Он и будет, — отзывался Витя Рыжий по фамилии Красношапка, как и большинство молодняка, коротавший время на заводе до весеннего призыва. — Одно другому не помеха, — изрекал он и тут же принимался сообщать Вовке и всякому, кто в тот момент оказывался в ближнем кругу благодарных слушателей, незатейливые подробности своей приватной биографии, легко сводимые всего к трем обстоятельствам: где, кого и сколько раз.

Впрочем, богатая интимная жизнь Красношапки нимало не мешала его трудовым свершениям. Новое он схватывал на лету, «зубами». Любой станок осваивал с ходу, работал всегда с какой-то жадностью, азартом, даже лихо, при этом горланил, заглушая мотор, песни, курил без остановки и грыз семечки одновременно. Был он долговяз, прыщав, всегда растрепан и страшно прожорлив.

Еще ему везло. Большинство пацанов с вахты попадали сразу на сборку. А у конвейера на «Газоаппарате» известно какие заработки. Даже два грека из Майкопа — Жора Кряров и Гоша Курумиди, устроенные на завод кем-то из родственников, крутились посменно на электрокаре. Работа, конечно, смешная, но и деньги тоже никакие.

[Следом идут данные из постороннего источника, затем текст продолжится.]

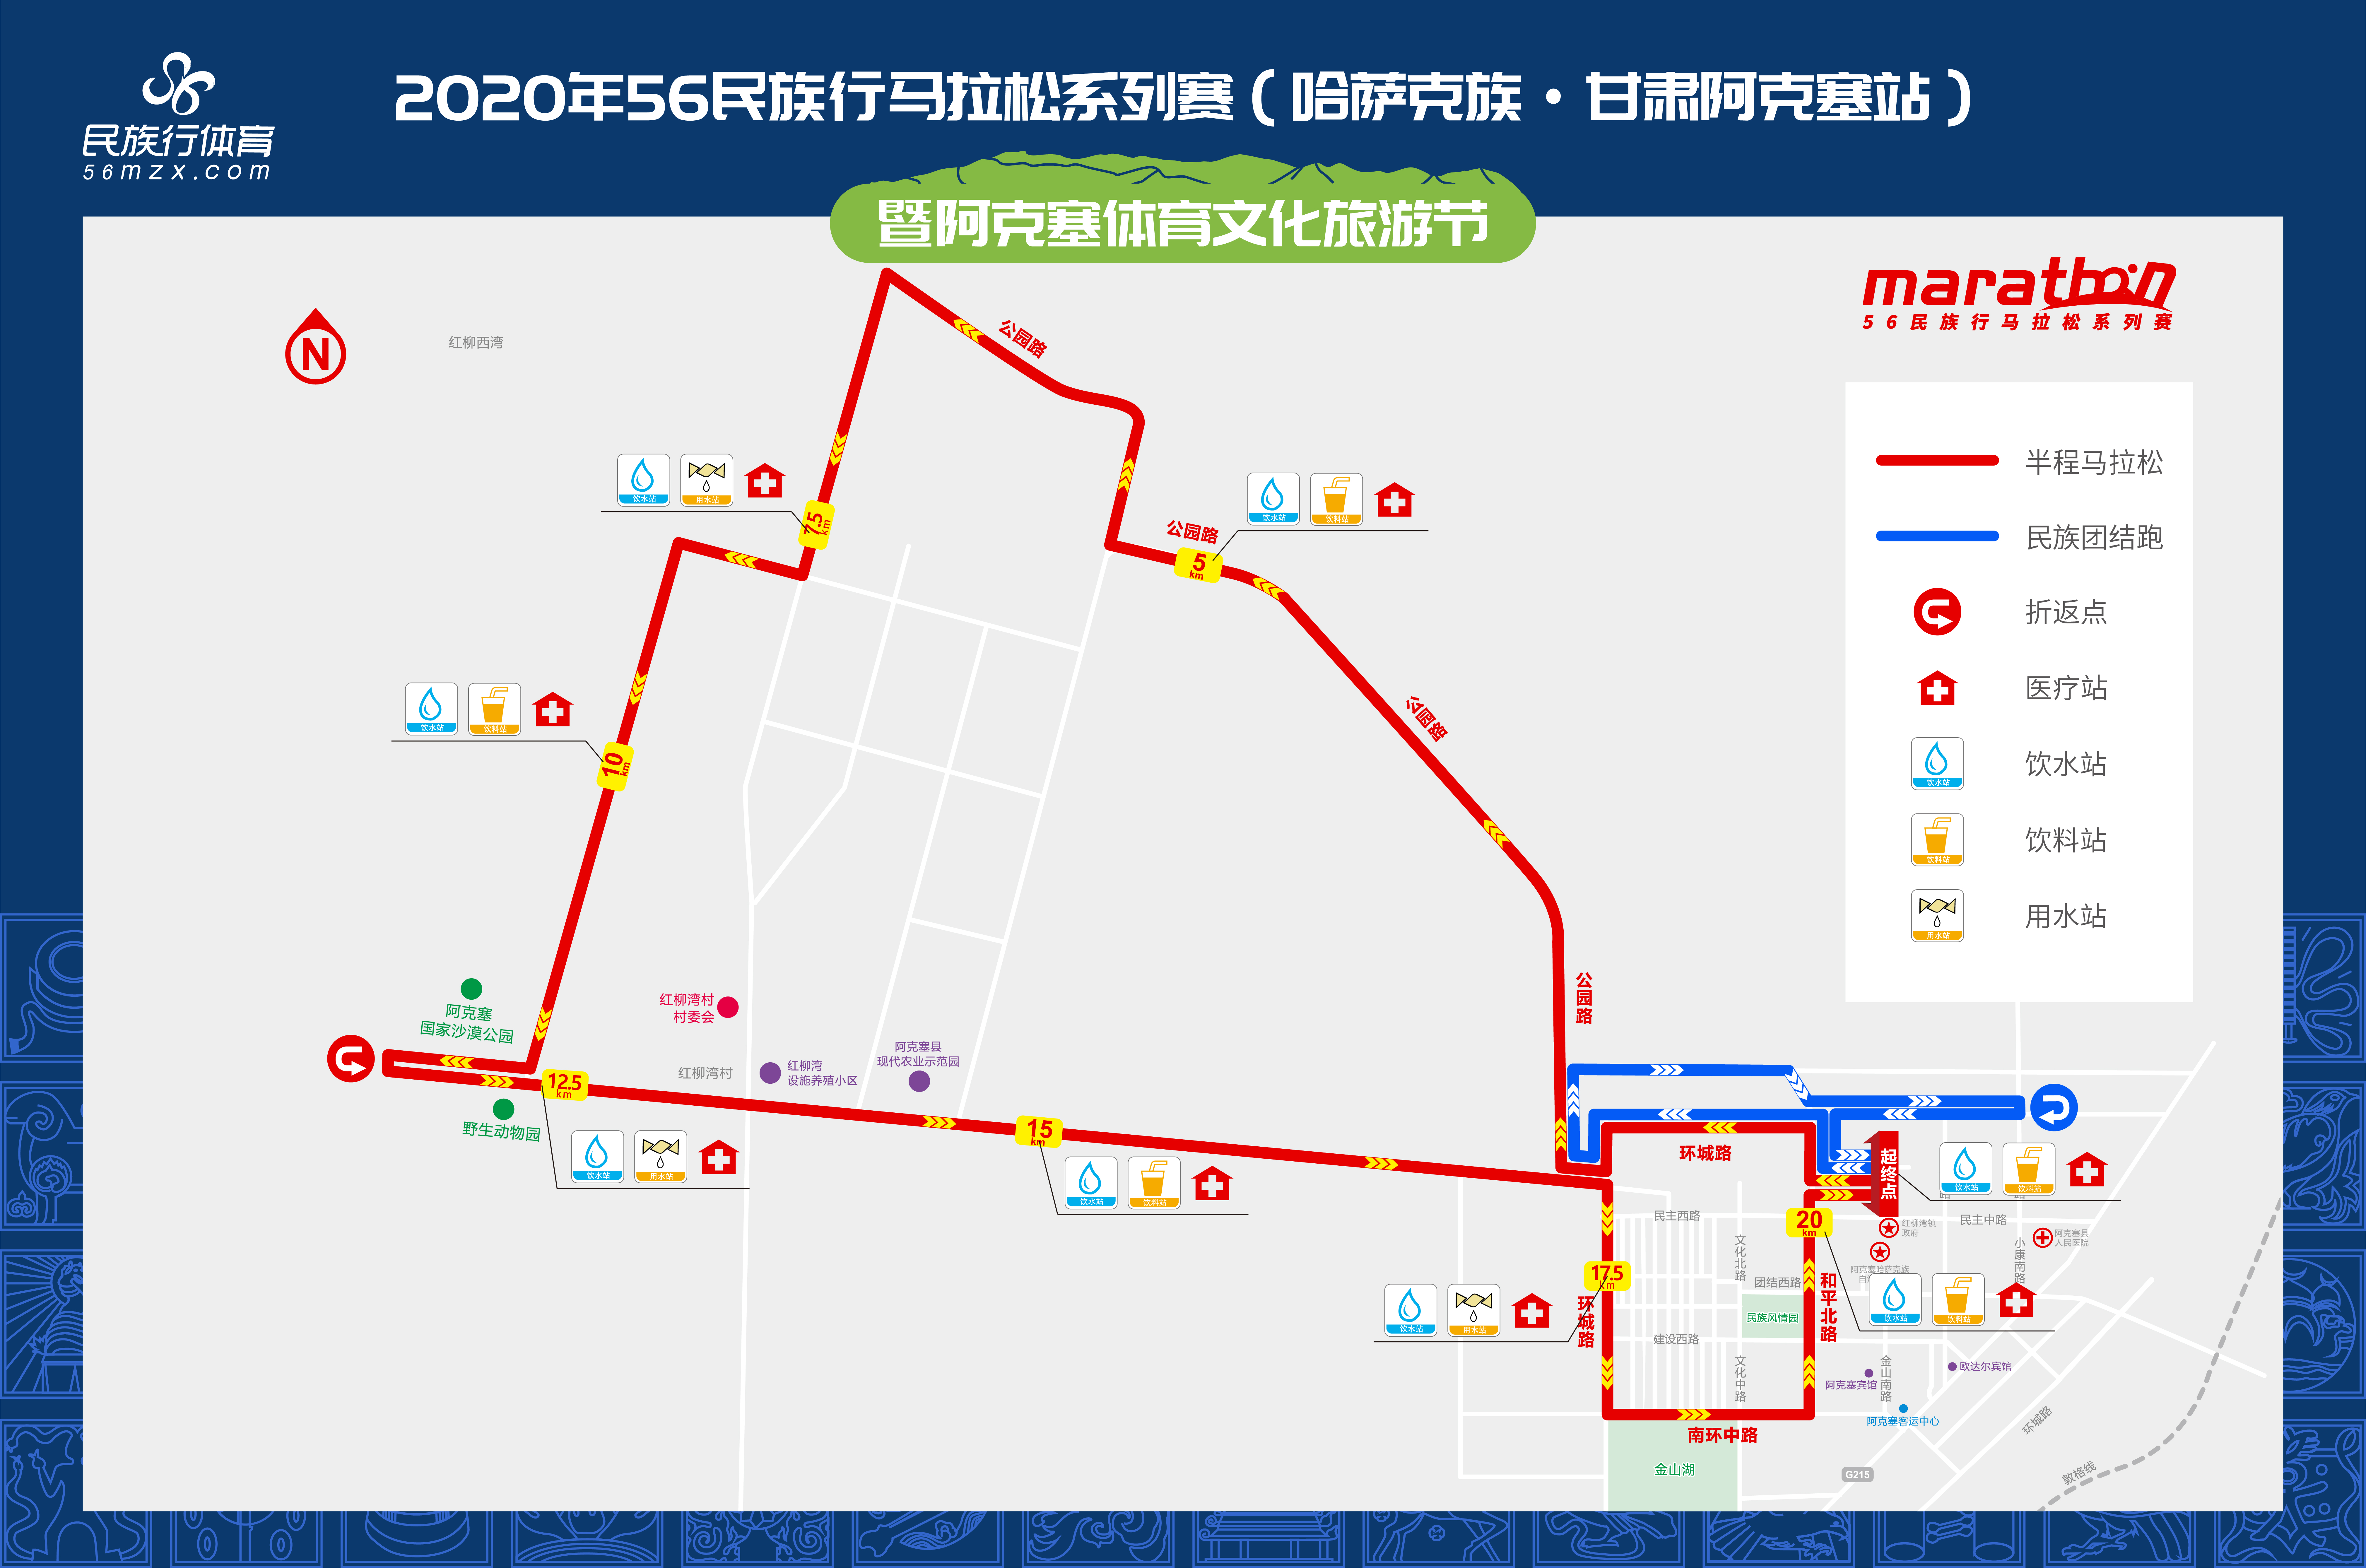 2020年56民族行马拉松系列赛(哈萨克族·甘肃阿克塞站

Рыжий попал в механический. Сначала патрубки гнул, а потом, когда запил вдруг армянин Костя с колпаков, а в цехе случился аврал, мастер сунул его на день-два на самый дорогой станок.

Руки у Красношапки росли как раз из нужного места, и к концу смены он так навострился, что стал постоянным Костиным сменщиком. А триста — триста пятьдесят рублей для семнадцатилетнего пацана...

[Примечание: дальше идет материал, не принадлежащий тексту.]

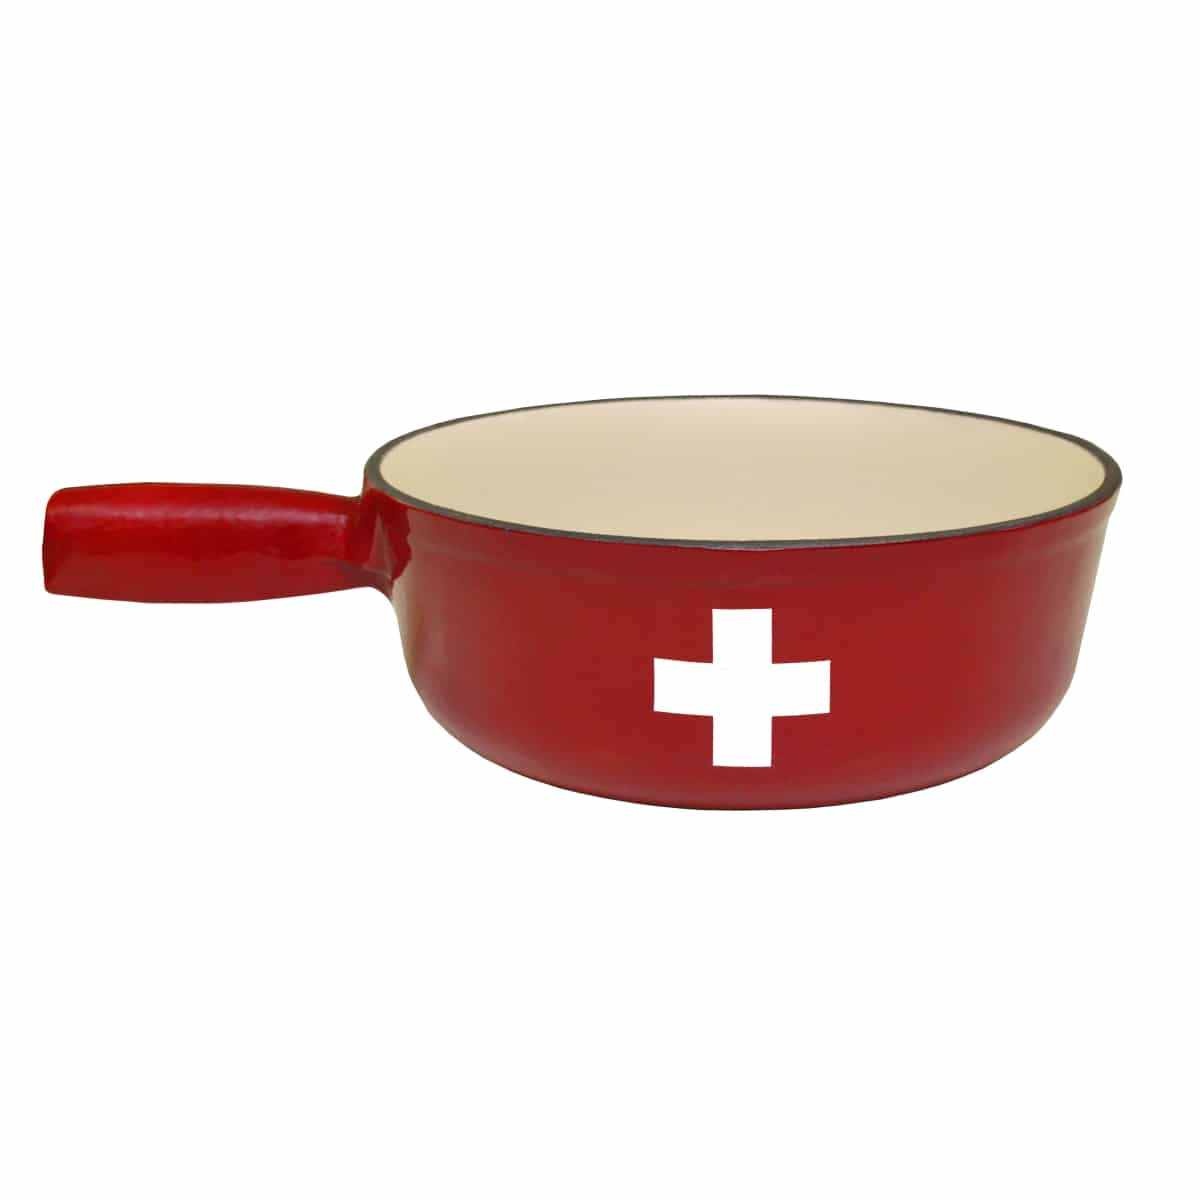 Caquelon à fondue Croix suisse fonte rouge Heidi Cheese Line
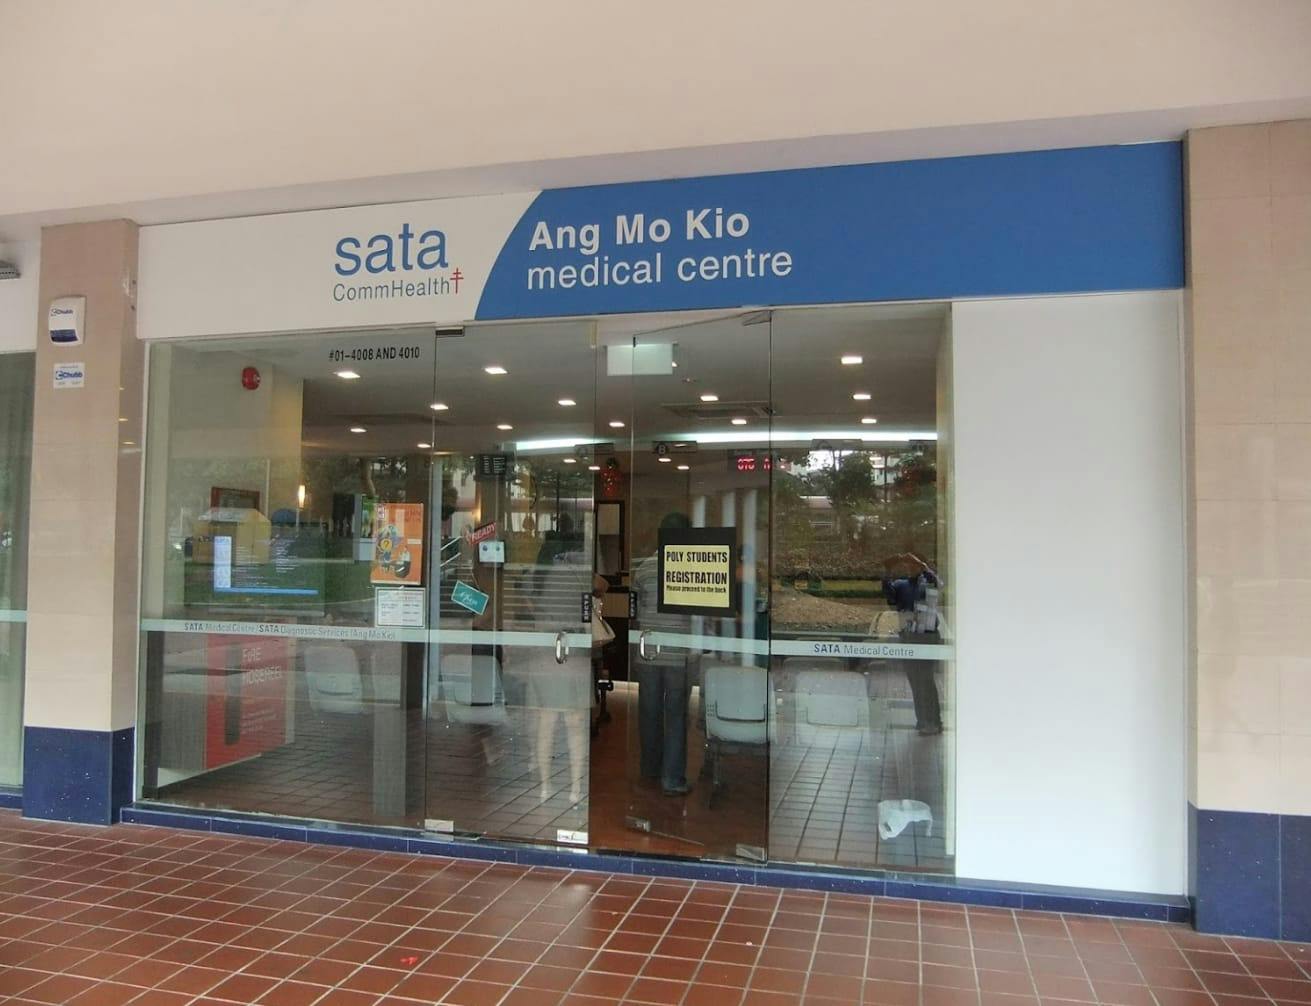 SATA Commhealth Ang Mo Kio Medical Centre

Поэтому Рыжий был среди своих в авторитете и легко, особенно в обед, собирал вокруг себя публику.

Откуда что берется? — разглагольствовал он как-то на раскаленной скамеечке, лениво покуривая и луща семечки. — Кроме хлеба ничего не жрет, а пашет, как комбайн «Дон», и по бабам шастает!

Да брось, Рыжий, — сомневались греки. — Они же оба старые...

Ага, старые! Вон шары у него как у волка светятся. — Рыжий хохотнул, кинул в пасть горсть крупных блестящих зерен. — Вот интересно мне знать: харя у него черная, а там как? — Он сплюнул кучей шелухи, сам себе ответил: — Нет! В этом его кайф! Он и весь черный, вроде негра!

Кое-кто неуверенно засмеялся. Полуденное солнце палило огнем. Стоячий воздух, густой от заводских запахов, стружкой застревал в горле.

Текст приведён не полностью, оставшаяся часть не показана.